▸ **WHAT YOU ARE ASKED TO DO**
Only one span of the listing below is wanted: the lines from the one with "Onana during the" through the one with "Reimo Trapez Tailgate", reproduced exactly, both ends kept.

▸ **TASK INPUTS**
◆ ◆ ◆ ◆ ◆ ◆ ◆
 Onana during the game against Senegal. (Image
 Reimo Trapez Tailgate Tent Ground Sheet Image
◆ ◆ ◆ ◆ ◆ ◆ ◆
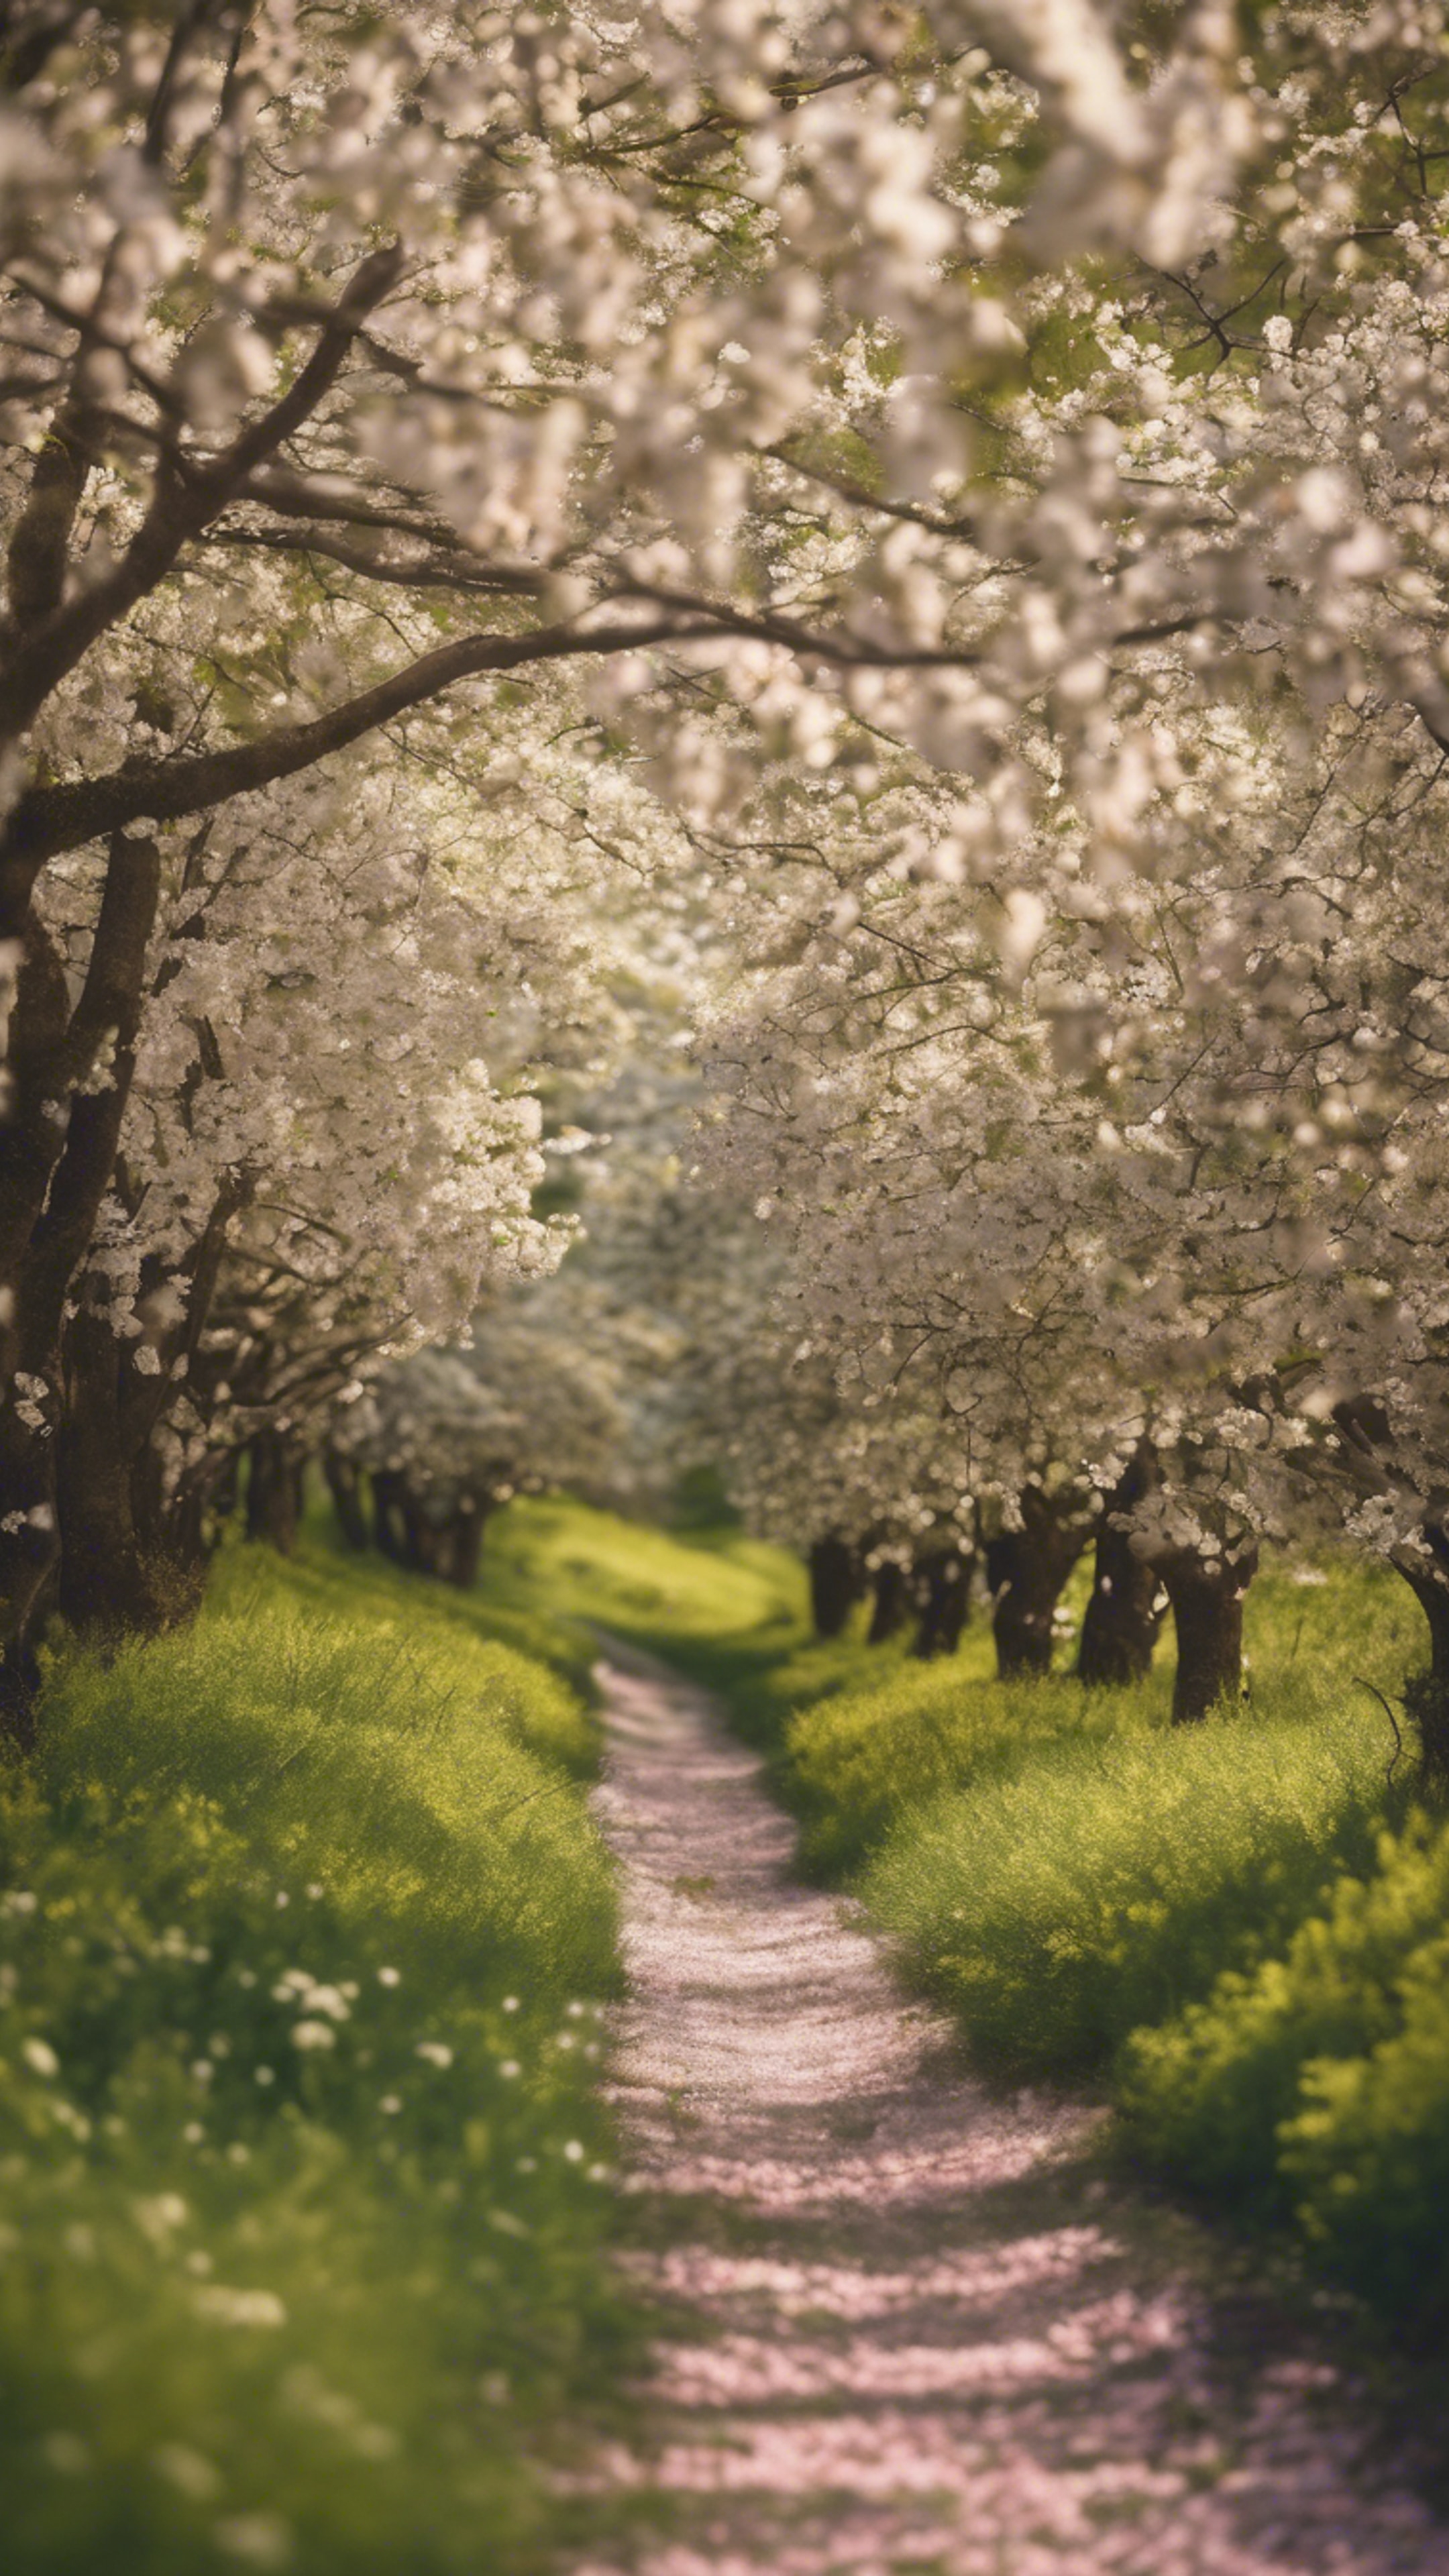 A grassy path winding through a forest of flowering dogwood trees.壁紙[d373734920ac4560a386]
◆ ◆ ◆ ◆ ◆ ◆ ◆
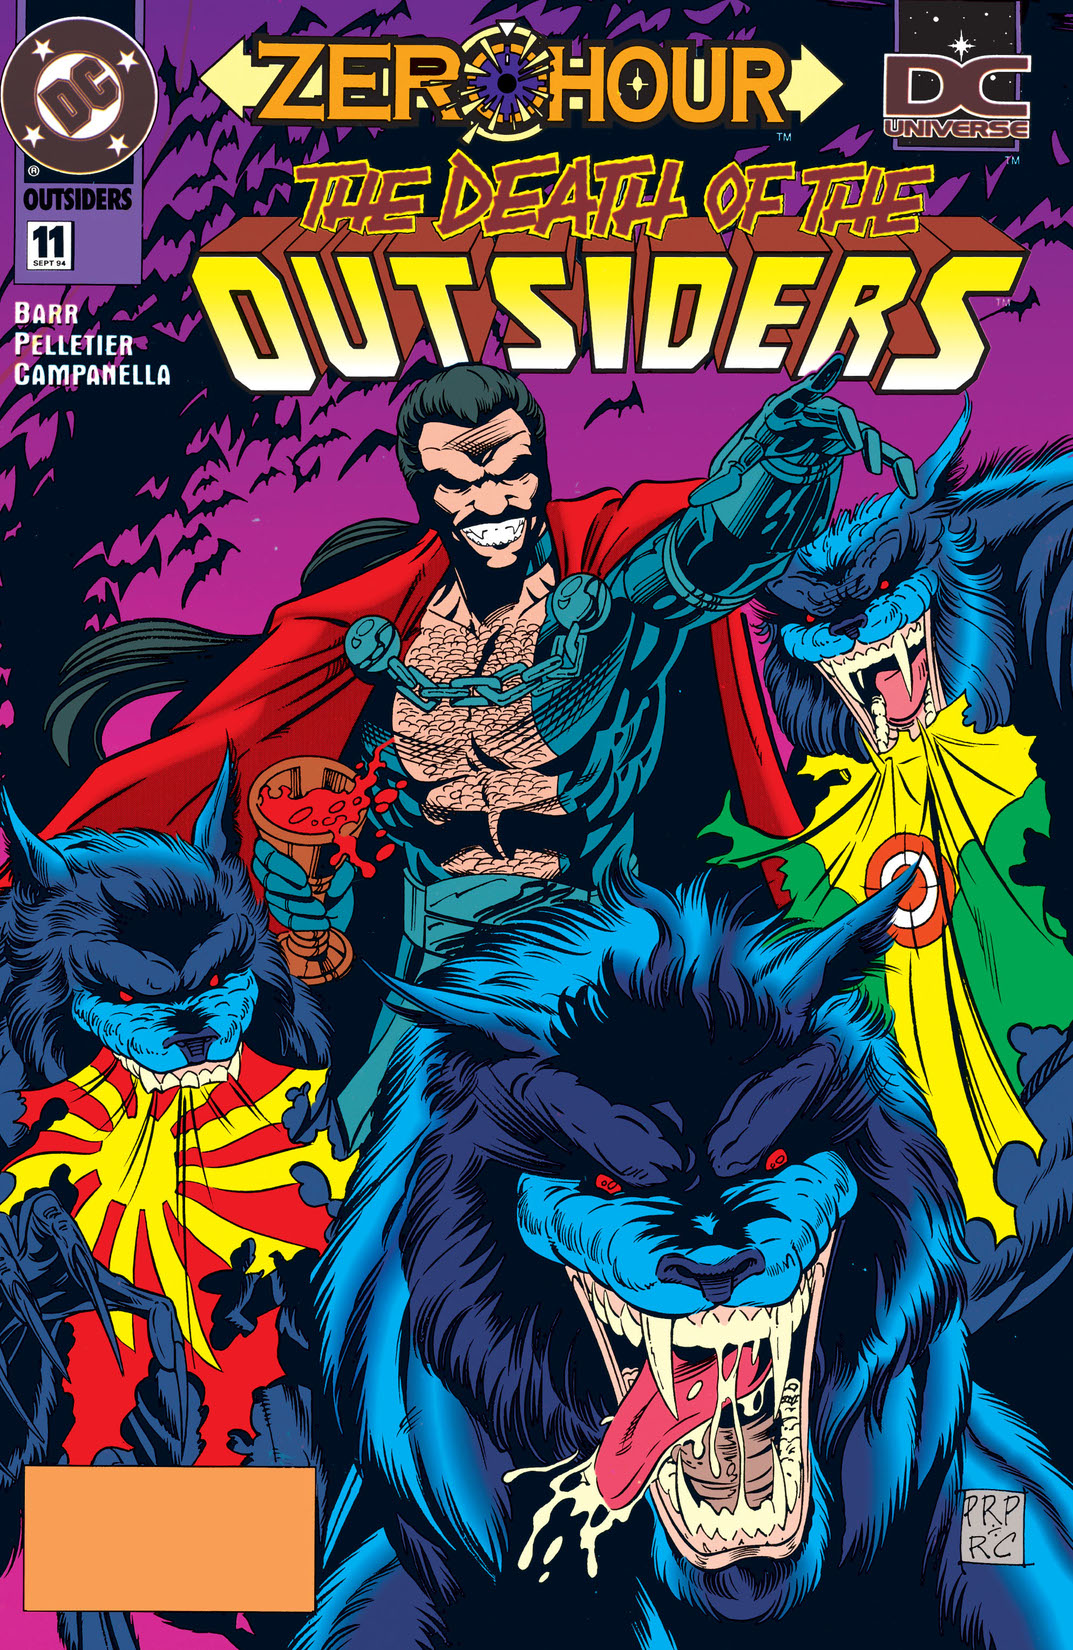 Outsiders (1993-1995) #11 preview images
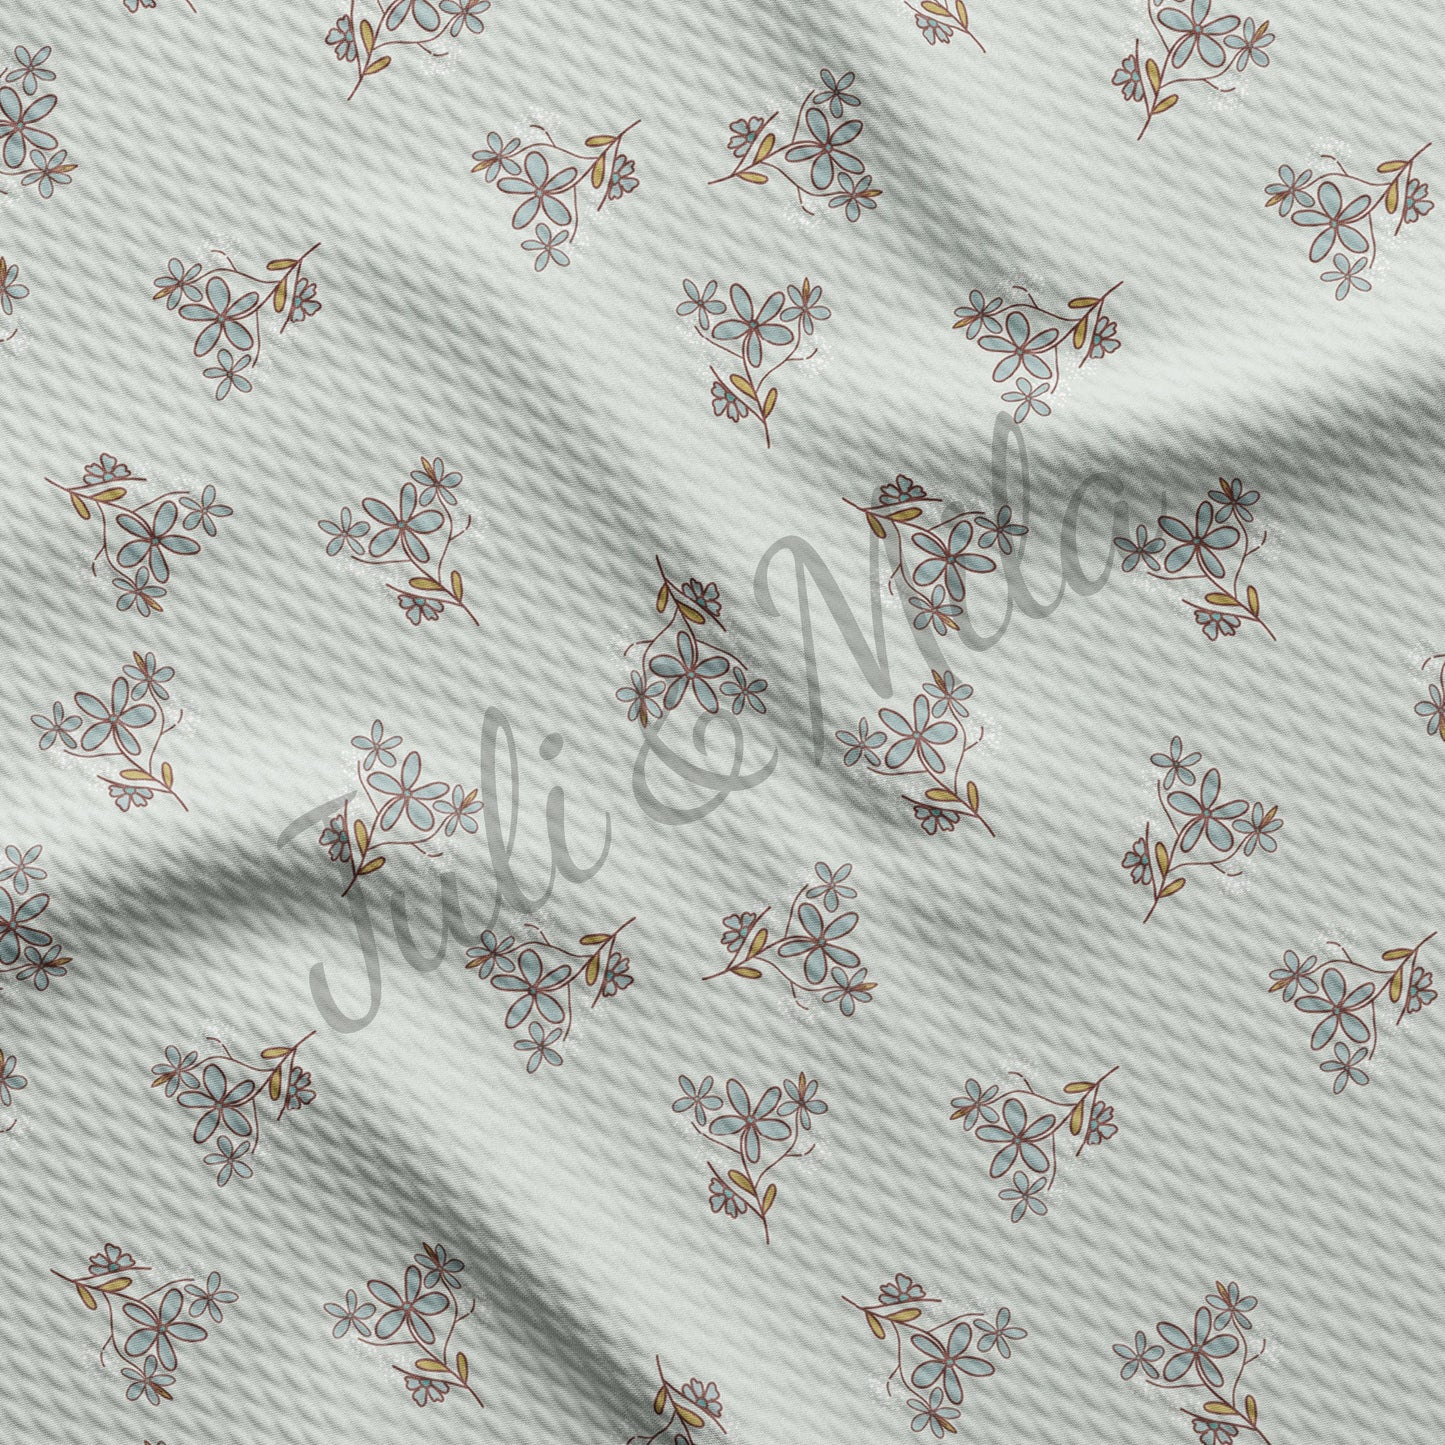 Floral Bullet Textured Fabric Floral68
◆ ◆ ◆ ◆ ◆ ◆ ◆
▸ **WRITTEN ANSWER**
 Onana during the game against Senegal. (Image
 Reimo Trapez Tailgate Tent Ground Sheet Image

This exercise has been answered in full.